Aku menggelengkan kepala pelan, "Tidak, kita memang harus mengabadikannya. Aku juga berencana untuk menyewa jasanya di foto prewedding kita nanti."


"Prewedding kita? Jadi, apakah kamu setuju untuk menikahiku?" Tanya Paman dengan wajah girangnya.


"Entahlah. Tapi, dia..." Aku menunjuk ke arah perutku dan mengelusnya pelan. "Dia butuh sosok Ayah. Aku tidak boleh egois."


"Terimakasih, Mia." Paman memeluk tubuhku begitu erat.


Kapal yang kami tumpangi akhirnya tiba di pelabuhan terdekat, "Welcome to bali." Aku bersorak gembira. Lagi-lagi aku menemukan fakta bahwa kapal milik Cindy masih belum tiba di pelabuhan. Paman menyuruhku untuk menunggu terlebih dahulu di pinggiran pelabuhan, "Mia, aku akan pergi ke warung untuk beli sesuatu ya."


"Lama ga,Paman?"


"Gak. Kamu tunggu disini. Aku akan bilang ke petugas itu," ucap Aiden sambil menunjuk ke arah pria yang sedang menganggur disana.


"Permisi, tuan. Apakah anda sibuk atau tidak?" Tanya Aiden.


"Kebetulan tidak. Ada apa ya mister?" Tanyanya balik.


"Uhm. Tolong jagain keponakan saya ya. Ini imbalannya." Aiden memberikan segebok uang untuk pria itu.


"Baiklah, terimakasih."


Aiden pun akhirnya dapat bernafas lega. Akhirnya, dia bisa pergi dengan tenang. Aiden pun dengan berlari kecil menuju warung terdekat sesuai dengan yang dia temukan dalam maps.


"Humph. Warung kecil tak apalah," gumam Aiden.


"Bu, teh panasnya dua ya," ucap Aiden memesan minuman.


"Baik mas tampan."


Ibu-ibu itu sesegera mungkin mempersiapkan minuman yang dipesan oleh Paman. Dia mencuri-curi pandang untuk melihat Paman. Bukan tanpa alasan dia begitu, namun nampak jelas pada sorot matanya bila dia ingin memiliki menantu sepertinya.

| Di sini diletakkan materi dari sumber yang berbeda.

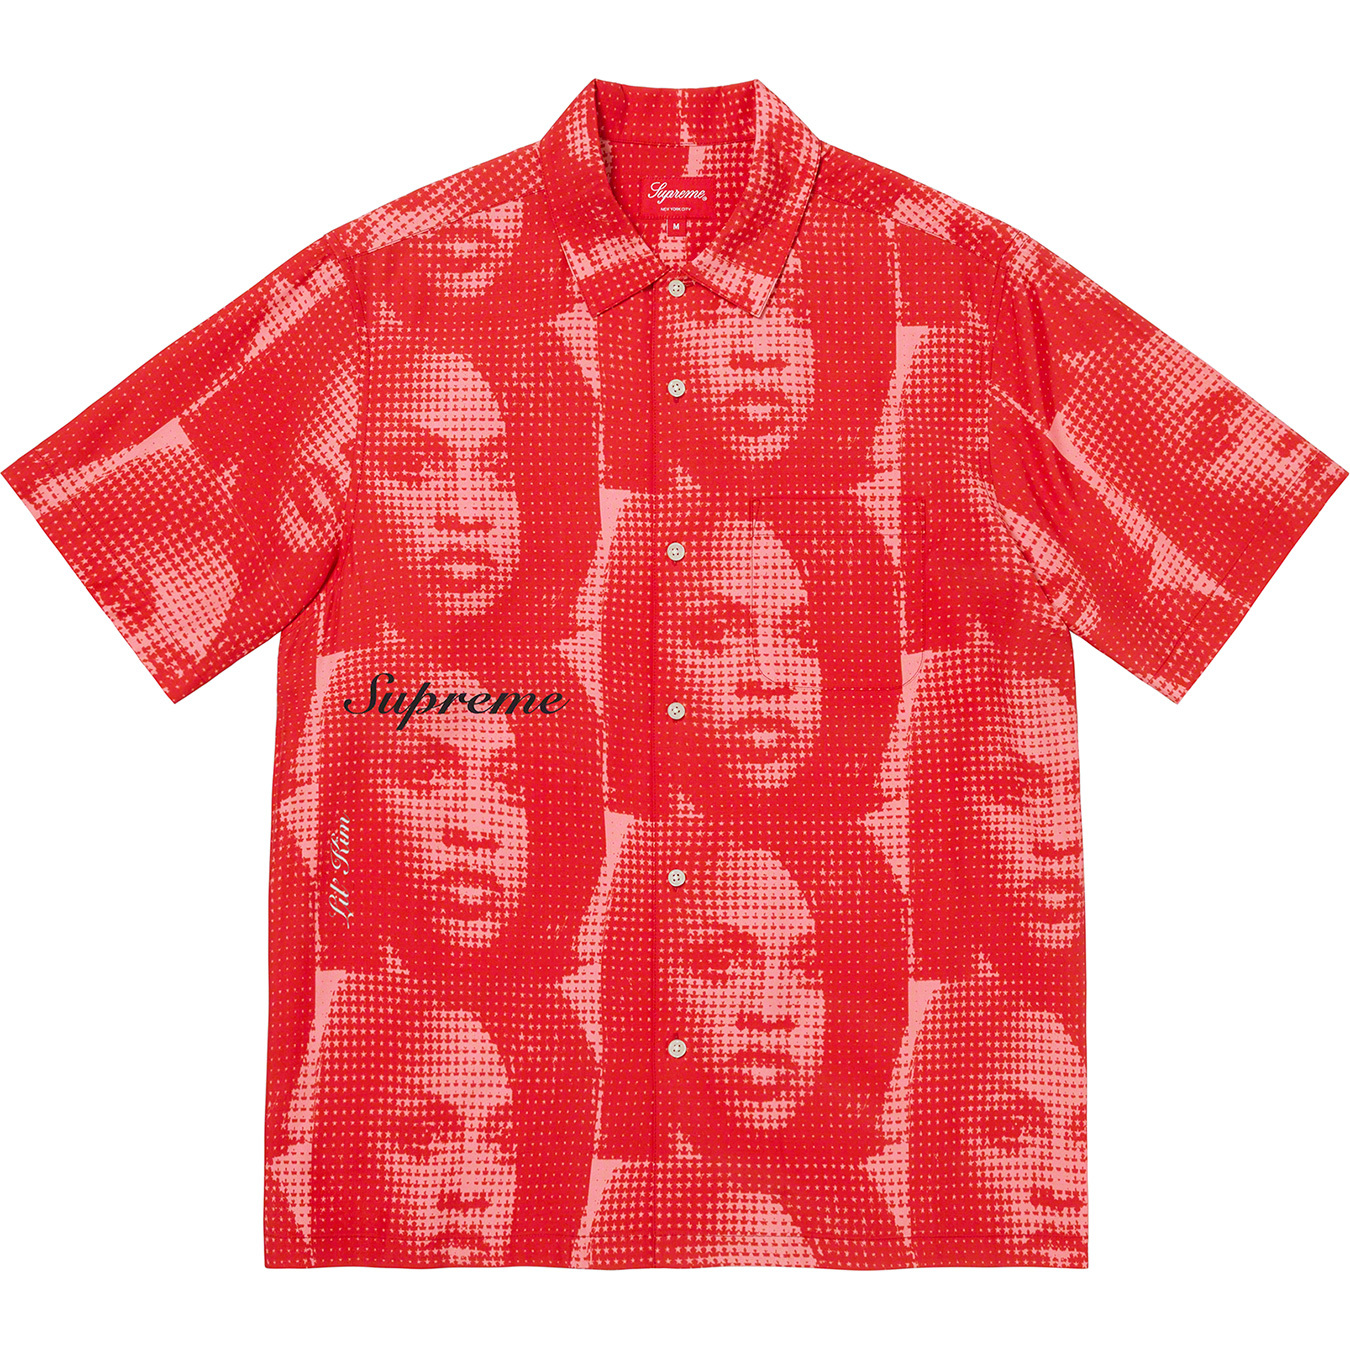 Lil Kim S/S Shirt | Supreme 22ss

Sedangkan Paman duduk tepat di depan warung dengan pemandangan yang indah, namun bukan itu yang dia lihat. Dia malah terfokus dengan beberapa anak kecil yang bermain begitu riangnya. Entah, dia terlihat seperti iri dengan mereka. Paman termenung sesaat dan membayangkan masa kecilnya yang sepertinya penuh luka dan perjuangan. Itu terlukis jelas pada sorot matanya, namun tak seorang pun dapat mengetahui seberapa menderitanya dia dulu.



"Ini mas tampan." Ibu itu menyerahkan dua buah kantong plastik berisikan teh panas pada Paman. Hal tersebut berhasil membuyarkan lamunannya. Paman mengeluarkan sejumlah uang yang tidak begitu banyak dan memberikannya pada ibu tersebut.


"Kembaliannya buat ibu saja, terimakasih,"ucap Paman sopan.


Saat Paman hampir saja berlalu, ibu itu memanggilnya sebentar.


"Mas tampan, boleh minta foto gitu?" Tanya Ibu itu.


"Foto? Boleh boleh."


Mereka pun berfoto sesuai dengan keinginannya.


"Mas tampan ini asal sini?" Tanyanya.


"Saya memang lahir disini, namun saya tinggal lama di Amerika. Saya baru saja kembali untuk urusan bisnis," jawab Paman ramah.


"Duhh. Mas sudah tampan, sopan, kaya pula. Sudah punya istri belum?" Tanya ibu itu to the point.


Paman hanya tersenyum padanya, "Belum sih. Namun, saya masih berusaha untuk mendapatkan restu dari orang tuanya. Doakan ya bu."


"Yahh. Sayang sekali. Ya sudah, ibu doakan yang terbaik untuk mas tampan."


"Terimakasih bu."


Setelah puas berbincang, Paman Aiden pun kembali kepadaku. Paman telah kembali dengan membawa dua kantong plastik teh panas yang masih terlihat asap yang mengepul di udara. Saat itu, dia sedang melihatku bersama dengan Cindy. Yap, Cindy dan rombongan telah tiba disana. Cindy bertanya banyak hal yang menurutnya begitu mengejutkan. Dia bahkan tidak menyangka bila aku akan sampai terlebih dahulu dibandingkan dengannya.


"Mia, minumlah." Paman memberikan sekantong plastik itu kepadaku.


"Terimakasih,Paman."


Paman berlalu menuju ke mobil sport kesayangannya, meninggalkanku berdua dengan Cindy, karena dia tahu pasti ada banyak hal yang ingin diperbincangkan olehku dengan Cindy.


"Mila, sumpah lu beruntung banget dapat paman kayak dia," ucap Cindy setelah memastikan Paman telah menghilang dari sisi kami.


"Beruntung? Bukannya biasa aja ya kalau Paman kita itu baik sama kita?" Timpalku.